Integration by Substitution – Definition, Formula

 Substitution integration is an important integration method used when the functions to be integrated are complex functions or when direct integration of functions is not possible. The integral of a function is simplified by this integral method by permutation by reducing a given function to a simplified function. 

Integral by substitution is used when the integral of a given function cannot be obtained directly because the given algebraic function is not in canonical form. In addition, the given function can be reduced to the canonical form with proper substitution. Consider the indefinite integral of the functions f (x), ∫f (x). dx. Now this integral can be converted to another form by replacing x with g (t) and x = g (t). 

 I = ∫f (x). dx 

 Since x = g (t), dx / dt = g` (t) dx = g'(t). dt 

 I = ∫f (x). dx = ∫f (g (t)). g ′ (t). dt

Definite Integral: 

The definite integral is the area below the curve between the two fixed limits. For the function f (x) defined for the x-axis, the definite integral is expressed as abf(x)dx. Where a is the lower limit and b is the upper limit. Divide the area into rectangles and add them together to find the area below the curve between the two boundaries. The area will be more realistic if there are more rectangles. Therefore, divide the area into an infinite number of rectangles, each of the same (very small) size, and sum all the areas. This is the basic theory behind definite integrals. 

The integral is the sum of the areas, and the definite integral is used to find the area within the boundary. Integration was first studied in the 3rd century BC. Used to find areas of circles, parabolas, and ellipses. Learn more about definite integrals and the properties of integrals.

Formula of Definite integral: 

Given a continuous function f (x) in the interval [a, b], divide the interval into n subintervals of equal width Δx and select points from each interval x ∗ i. In that case, the definite integral of (x) goes from a to b is abf(x)dx = i=0nf(xi)Δx . 

Evaluating definite integrals in this way can be very tedious due to the complexity of the calculation. In the second half of this chapter, we will develop a method for calculating definite integrals without taking the range of Riemann sum. However, for now, you can rely on the fact that definite integrals represent the area under the curve, and you can use geometric formulas to evaluate definite integrals and calculate their area. This is done to make sure that a particular integral represents a region. Therefore, we will explain what to do if the curve of the function falls below the x-axis.

Integrals of Exponential Functions: 

The format of the exponential function is f (x) = Cex for the constant C and the linear shift, reciprocal, and quotient of such functions. Exponential functions are common in science, so it would be very useful to be able to integrate them. 

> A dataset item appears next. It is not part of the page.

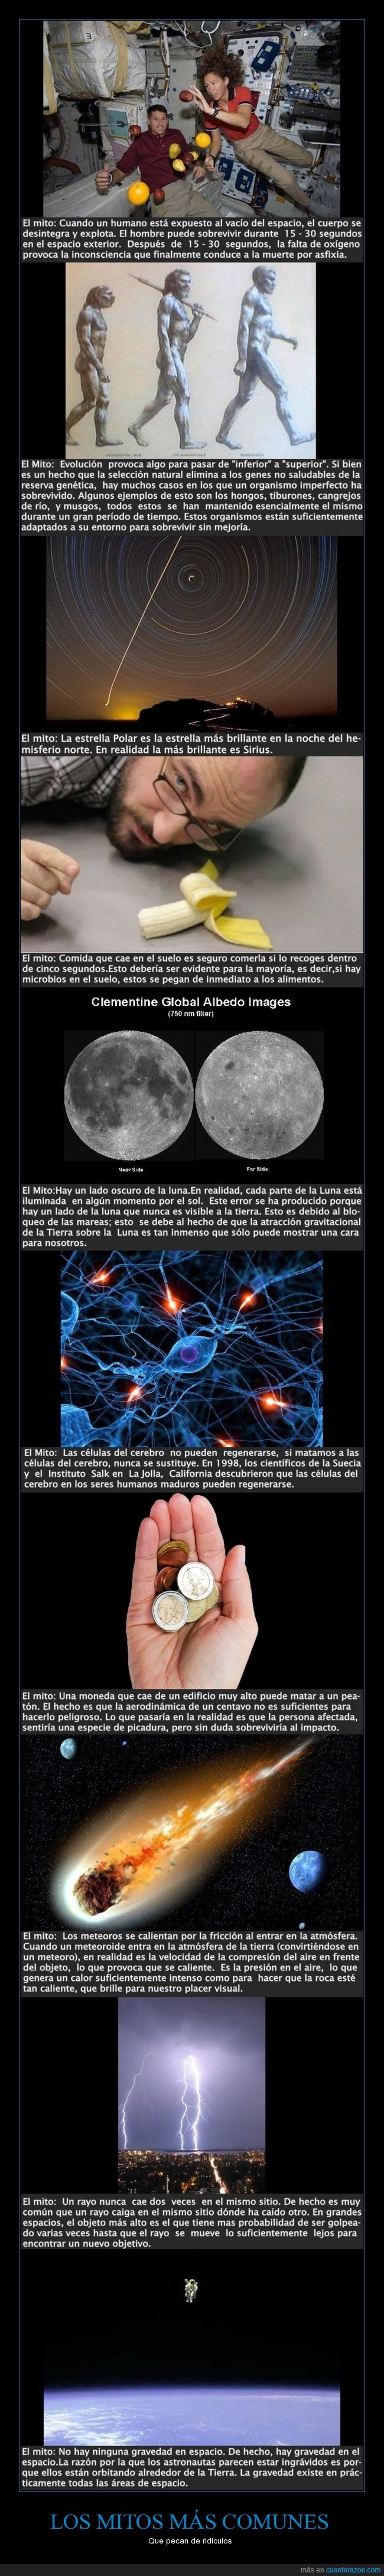 ciencia,cuerpo en espacio explota,Evolución,La estrella Polar,La gravedad en el espacio,la regla de los 5 segundos,lado oscuro de la Luna,mitos,Sirius

The exponential function is probably the most efficient function from an arithmetic point of view. The exponential function y = e^x is its own derivative and integral.

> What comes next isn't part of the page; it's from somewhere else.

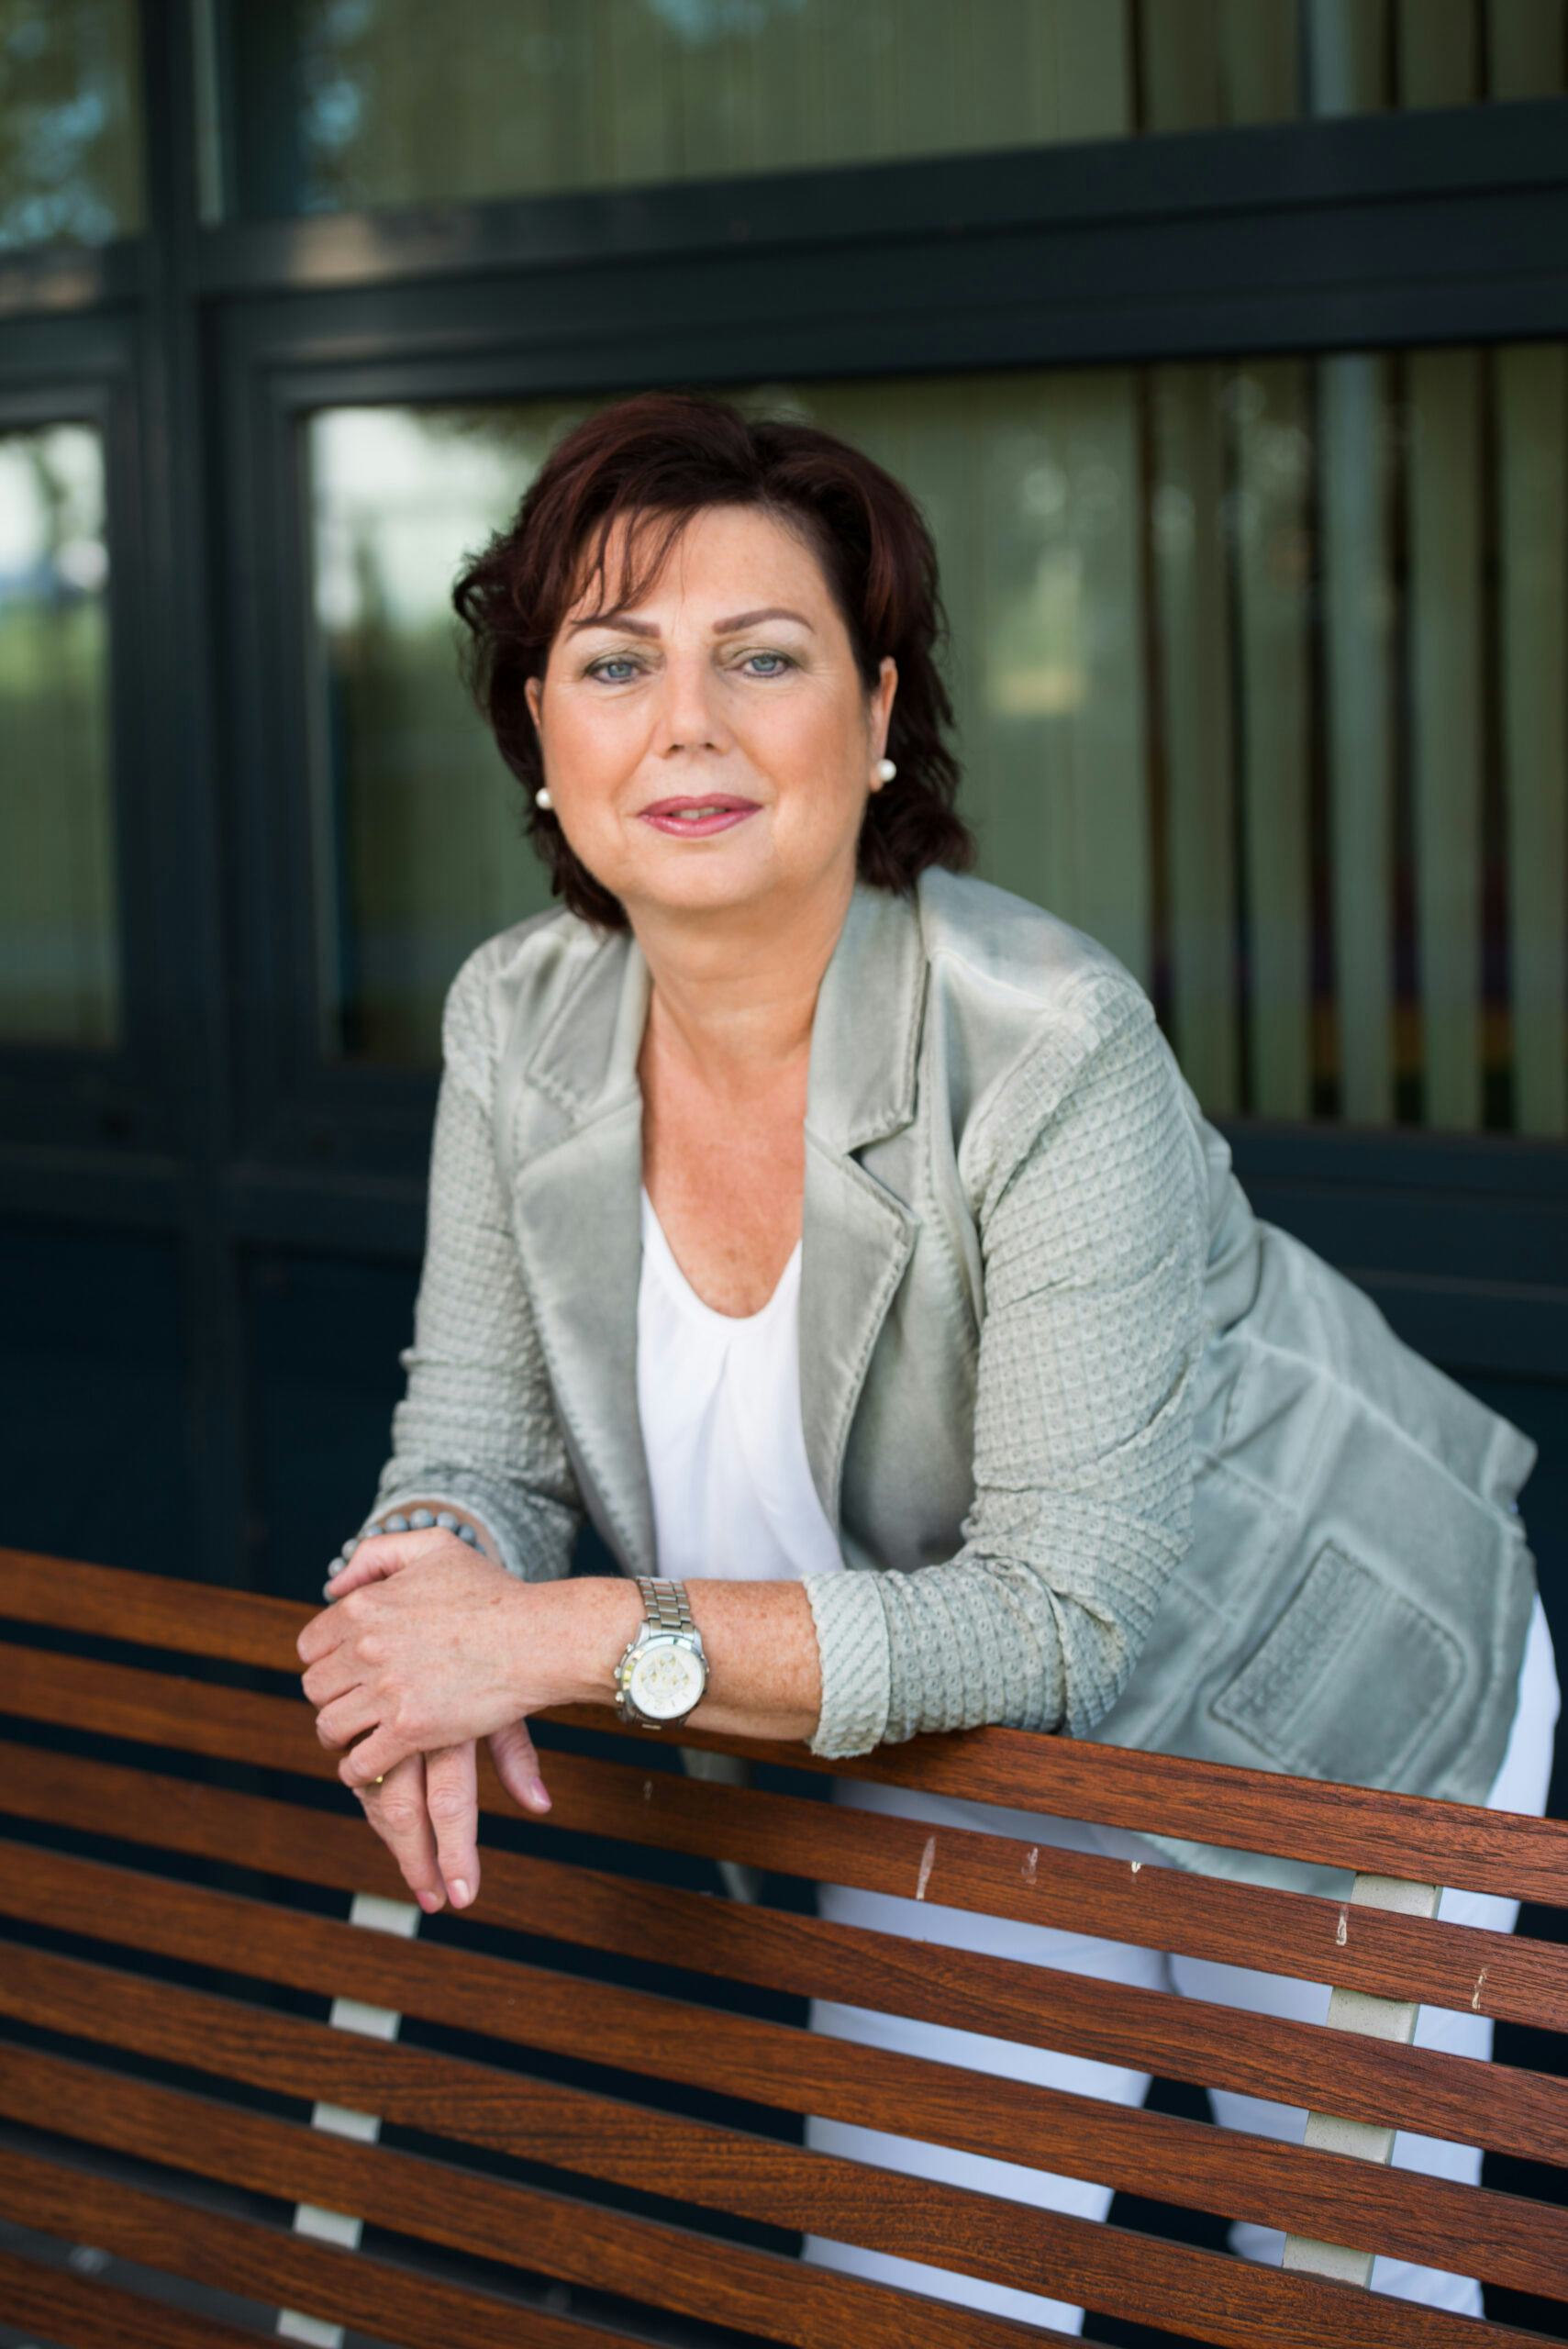 Geerie Lieferink: 'Wij zijn dé vraagbaak voor intermediairs'

The following formula can be used to combine exponential functions:

∫ex dx=ex+C

∫axdx=ax/lna+C

Steps to Integration by Substitution: 

The following steps will help you perform this integration method with replacement. 

 Step 1: Select the new variable t for the particular function you want to reduce. 

 Step 2: Find the dx value of the given integral. Where f (x) is integrated with respect to x. 

 Step 3: Make the necessary permutations with the function f (x) and the new value dx. 

 Step 4: Consolidate the functions obtained after the replacement. 

 Step 5: Reset the initial variable x to get the final result.

Important Substitutions in Integration by Substitution: 

Below are some of the important replacements that help simplify the specified expression and make the integration process easier to perform. Let’s review the specific substitutions below for integration by substitution. 

 For the integral function f (√a2-x2), use x = aSinθ or x = aCosθ. Use x = aSecθ or x = aCosecθ to integrate the function f (√x2-a2). For the integral of the function f (x2 + a2). Use f (√x2 + a2) 

 x = aTanθ, or x = aCotθ. Use x = cos2θ to integrate the functions f (√a−xa + x) and f (√a + xa−x).

Difference between the definite integral and the indefinite integral: 

The definite integral f(x) is a number that defines the area under the curves within the specified limits. It has an upper limit and lower limit and it gives a definite answer. Whereas the indefinite integral f(x) is a function and it has no upper and lower limits. It gives a solution to the question “what function produces f(x) when it is differentiated?”.

CONCLUSION

The integrals listed here are called definite integrals and can be interpreted as signed regions of the area in the plane surrounded by the graph of the definite integral between two points on the real line. Traditionally, the area above the horizontal axis of the plane is positive and the area below is negative. Integral is also related to the concept of indefinite integral. The derivative of this function is a given function. In this case, they are called indefinite integrals. The Fundamental Theorem of Calculus provides a way to combine definite and derivative to calculate the definite integral of a function when the indefinite integral is known.